Objective: To determine whether human vascular endothelial cells produce tumor necrosis factor-alpha (TNF-alpha) after stimulation with proinflammatory cytokines and bacterial lipopolysaccharides (LPS).
Design: Prospective, in vitro repeated-measurements analysis of cellular responses.
Setting: Research laboratory in an academic medical center.
Subjects: Human umbilical vein endothelial cells (HUVECs).
Interventions: HUVECs were incubated with interferon-gamma (IFN-gamma), interleukin-1beta (IL-1beta), and LPS, or their different combinations for 2 to 48 hrs.

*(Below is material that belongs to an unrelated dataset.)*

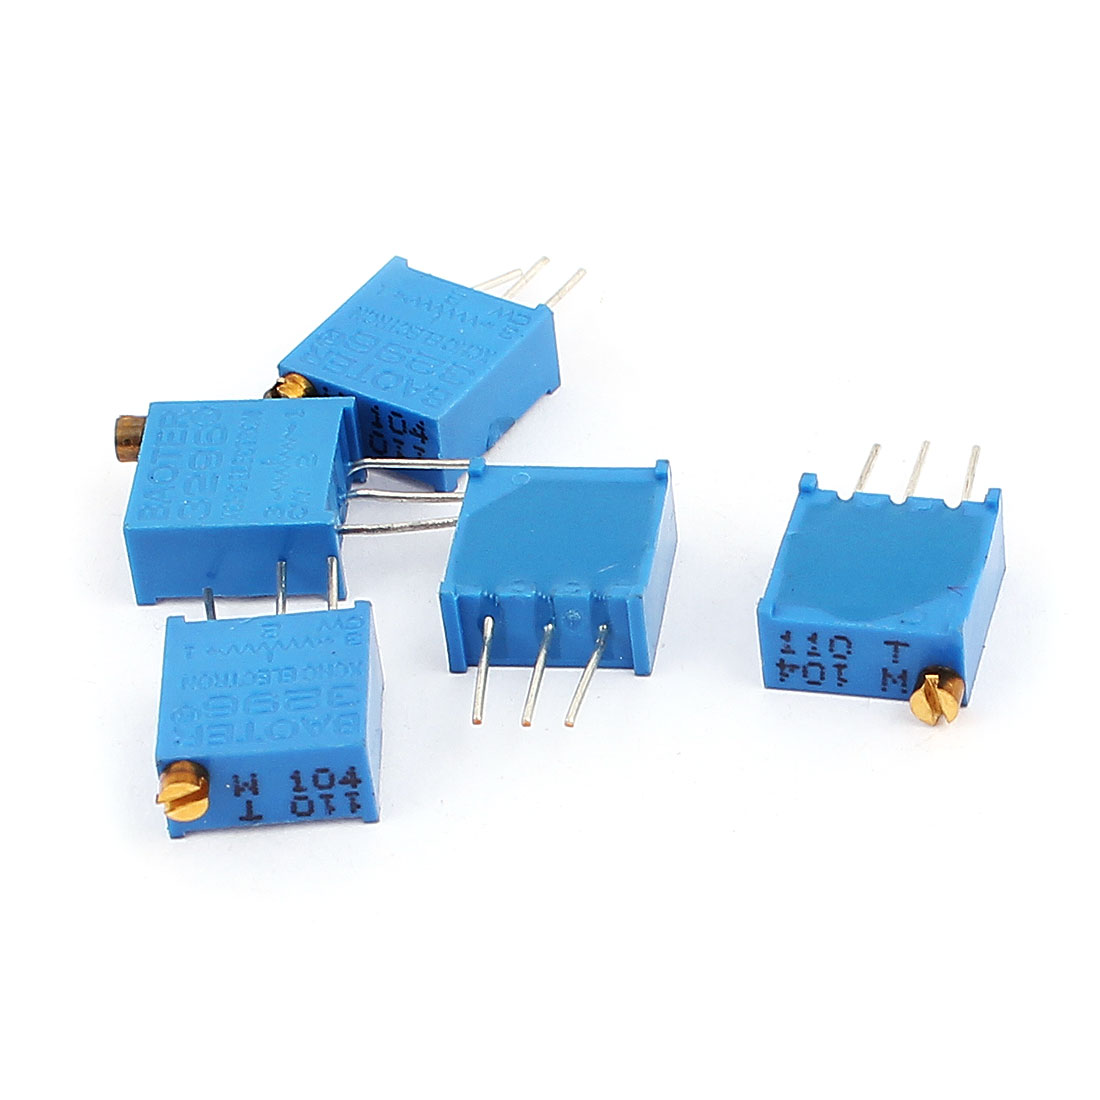 5 Pcs 3296w 100k Ohm Variable Resistor Adjustable For Multiturn Circuit Potentiometer

Measurements and main results: TNF-alpha was measured by time-resolved immunofluorometric assay. Unstimulated HUVECs did not produce detectable amounts of TNF-alpha, but IFN-gamma, IL-1beta, and LPS when added together induced TNF-alpha production of HUVECs in a time-dependent manner. Immunofluorescent staining confirmed that the TNF-alpha was produced by endothelial cells. IFN-gamma, IL-1beta, or LPS alone did not induce TNF-alpha production, whereas IFN-gamma and IL-1beta in combination were able to induce TNF-alpha production to some extent, and the production could be further increased with LPS. TNF-alpha messenger RNA expression was detected with reverse transcriptase-coupled polymerase chain reaction in stimulated, but not in unstimulated, HUVECs.
Conclusions: HUVECs are capable of producing TNF-alpha after proinflammatory cytokine stimulation and may therefore contribute to the increased amount of TNF-alpha found in pathologic states such as septic shock.